Música materna es una novela, decíamos, es decir, una ficción. Pero María nos hace saber que para ella no hay diferencia entre la verdad y la ficción: “Yo lo que te digo es verdad. ¿Cómo es la ficción, con qué la hacen?”. Luego pasa a contar una película con Sofia Loren, que le resulta del todo cierta: “¿Es la ficción o qué es? Si yo lo presencié todo lo que muestra la película?”. Así de simple se resuelve, en el texto, el gran tema del estatuto ficcional de la novela. Y efectivamente, ¿con qué se hace la ficción, si no con la realidad?

Finalmente, Música materna es el último eslabón en orden de tiempo, de lo que se ha dado en llamar “literatura de la inmigración”. Antonio Dal Masetto, Roberto Raschella, Griselda Gambaro, Mempo Giardinelli, Maria Teresa Andruetto… ya existe todo un canon, una clasificación por generaciones, una tradición crítica. Solo queda para constatar que este flujo no se interrumpe, que hay necesidad de una posmemoria de la inmigración que no está agotada aún, sino que nos sigue interpelando.

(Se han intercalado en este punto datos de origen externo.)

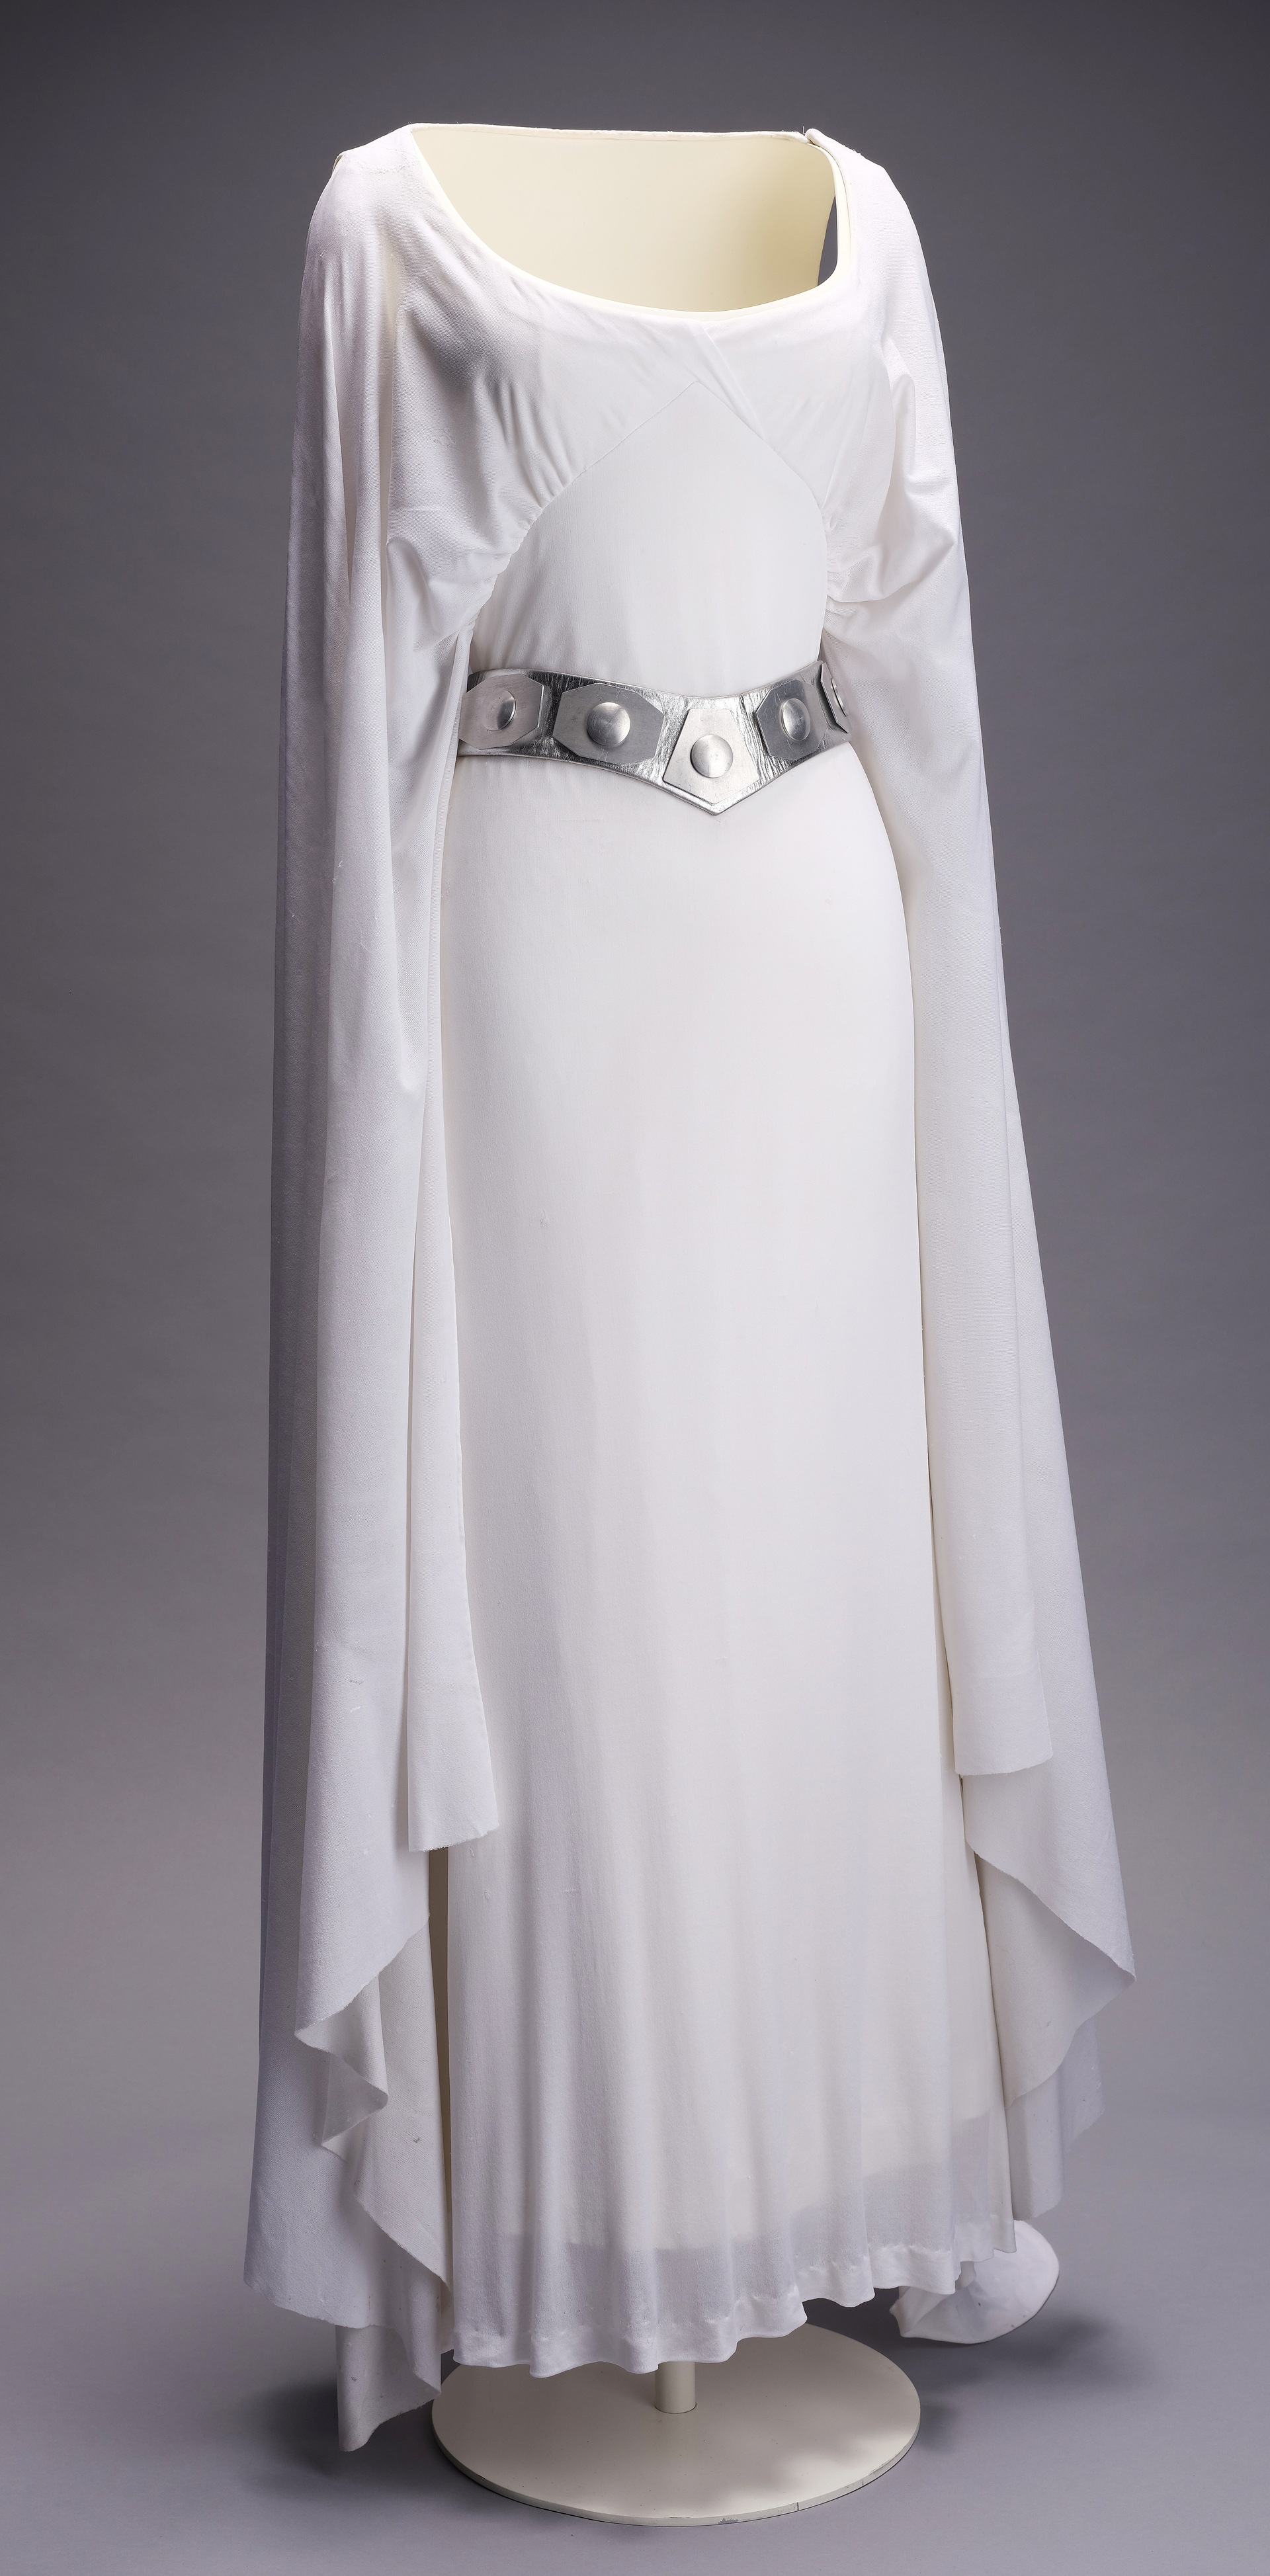 STAR WARS: A NEW HOPE (1977) - Princess Leia's (Carrie Fisher) Screen-Matched Ceremonial Dress - Image 2 of 39

Una nota final: desde que empecé a leerlo, tuve la sensación de que detrás de ese relato íntimo había un relato colectivo. No sólo porque las experiencias narradas fueron experiencias colectivas -la guerra, la emigración- sino porque la modalidad misma del relato está más cerca de lo que Walter Benjamin entiende por narración oral, que es colectiva por definición, frente a la concepción libresca de la novela, que presupone, en cambio, la soledad del autor y del lector.

Pensándolo bien, el cuento cantilena de las madres reúne todas las características del narrador originario según Benjamin: la oralidad, la proximidad del cuentista a su oyente, la memoria transitoria de acontecimientos dispersos. Será, entonces, que la música materna es la forma originaria de la narración.